Although they were reared on a steady diet that included exposure to bands like Black Sabbath and Led Zeppelin, they took issue with certain elements of the songs, bands and sounds that were popular at the time. Soundgarden guitarist Kim Thayil once said that the band’s mission included the goal of sounding like “Black Sabbath without the parts that suck.”

We’ll give our editor a moment to pick himself up off of the floor after reading that one.

These days, lead singer Chris Cornell says that they have a revised approach. While not addressing the Black Sabbath part of Thayil's comment directly, he tells Classic Rock that “now we’re trying to add all the parts that suck back in.”

The interview appears in the July issue of the magazine and Cornell goes on to say that the reunion was very spontaneous and came about as a result of dealing with regular band business. “We got back into a room just to think about ideas of reconnecting with our fans, like starting a website again and starting the fan club again.”

After a bit of time together in the same room, they decided that it was bigger than that, so the idea of making music together again came up.

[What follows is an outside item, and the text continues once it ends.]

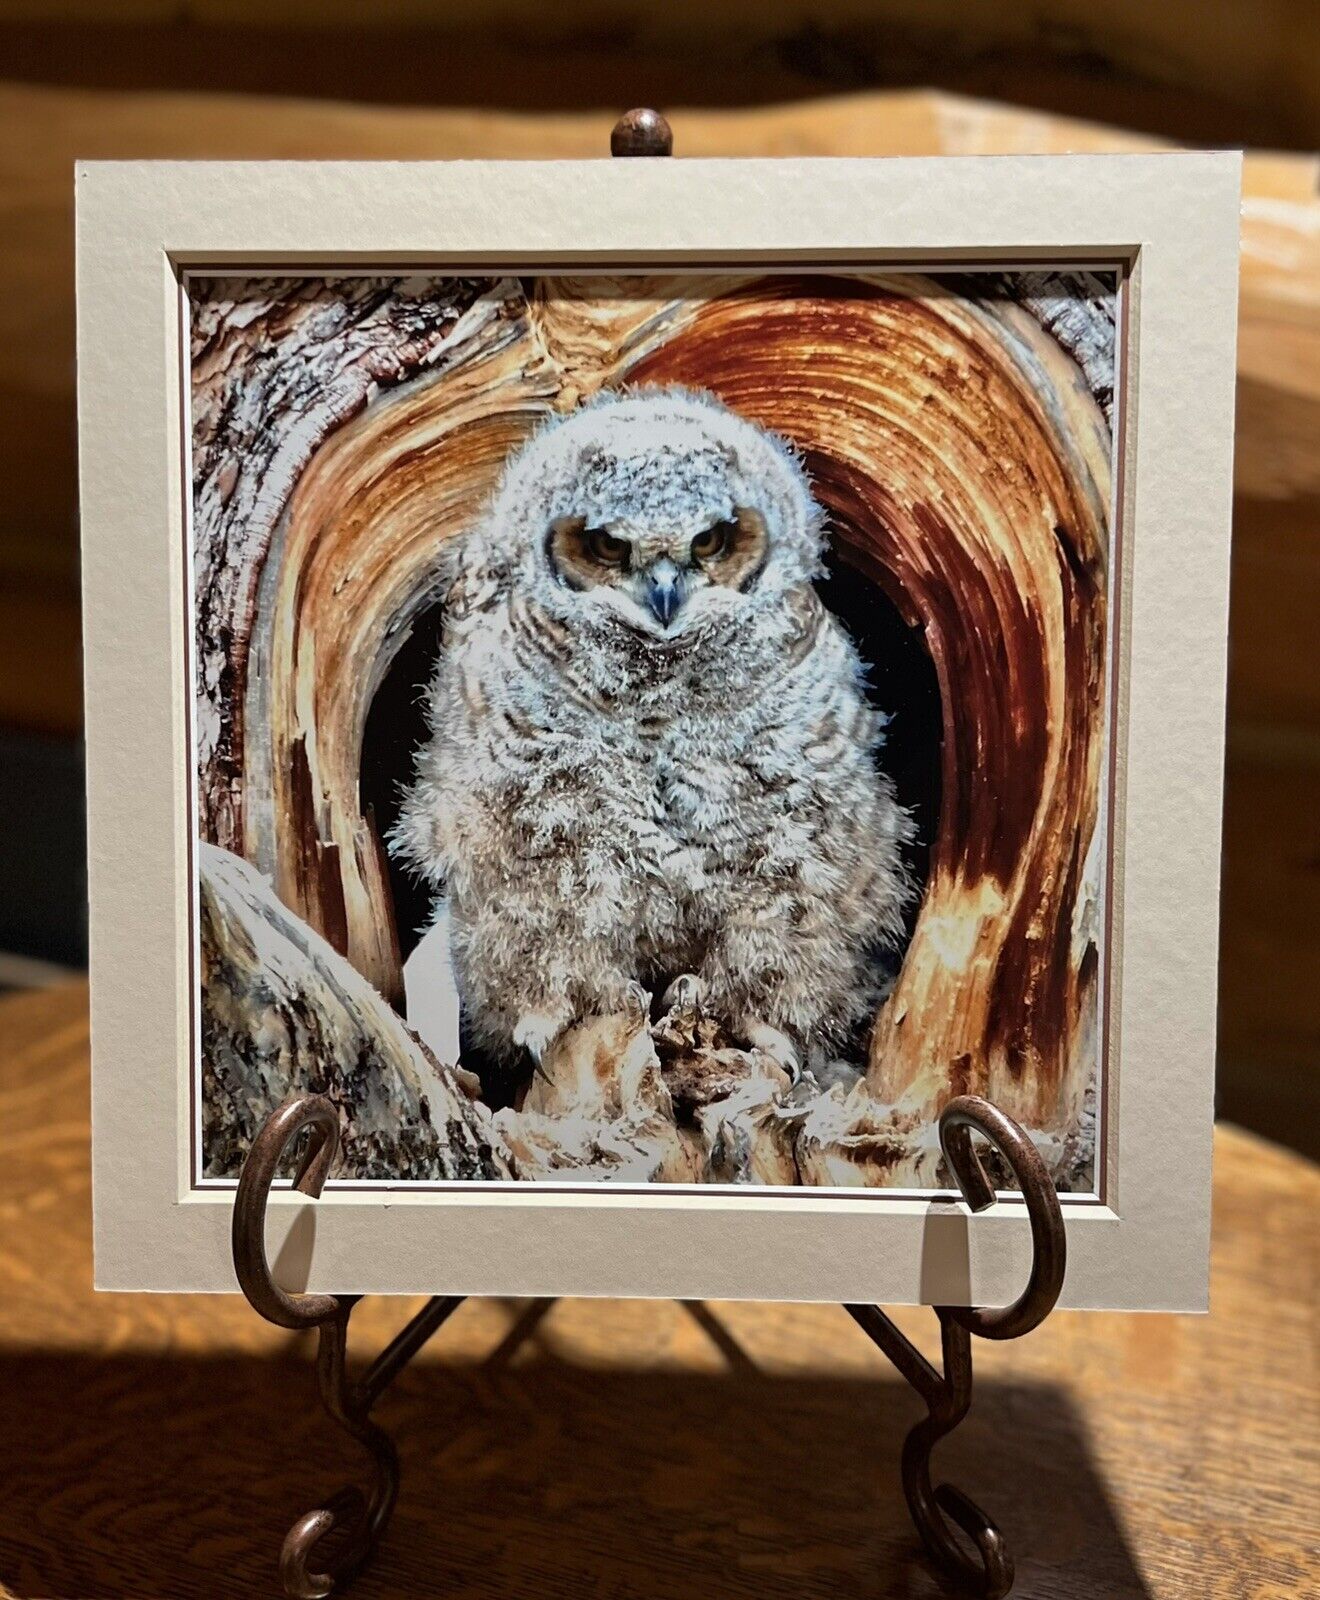 12 X 12 Photo Near RMNP Fledgling Owlet in Tree Nest Double Mats Ready to Frame

Now, with new music on display in the form of ‘Live to Rise,’ which is featured on the soundtrack of this summer’s ‘Avengers’ movie and a planned new album as well, Cornell is taking stock of the state of rock music. As one YouTube commenter said, “Thank God Soundgarden are back to save rock.”

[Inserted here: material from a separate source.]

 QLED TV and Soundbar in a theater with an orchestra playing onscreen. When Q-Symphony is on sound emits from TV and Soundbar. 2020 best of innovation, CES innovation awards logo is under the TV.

While Cornell is happy to be rock and roll’s potential superman, he sees murky waters and answers that are still unclear. “Rock is a moving target and everyone has a different list of specific things for their definition of it," he continued. "But if it’s a list of what we do, then yeah, rock needs saving. But who knows what rock is any more?”

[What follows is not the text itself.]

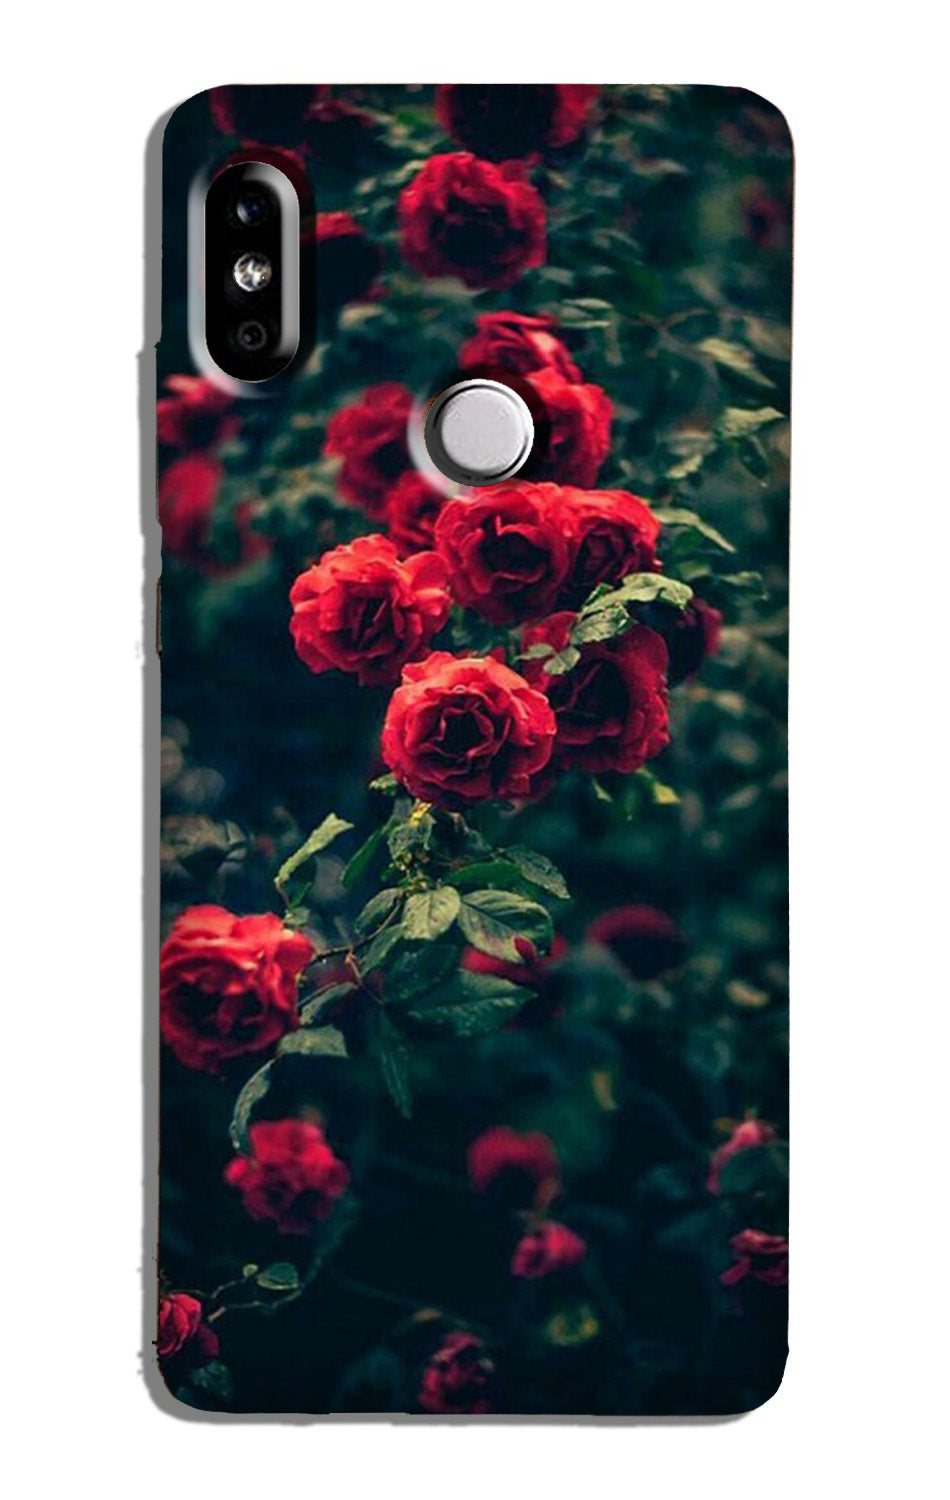 Red Rose Case for Redmi Note 6 Pro

In Cornell’s opinion, rock “should be about an attitude and about where a person is coming from...It could be almost anything,” he says.

He’s still got a sense of humor about it all, too. When asked “what can Chris Cornell do that no one else can?,” the veteran rock vocalist replied, “I can turn myself inside out and play percussion on my own skeleton - if it’s mic’d correctly, it sounds really cool.”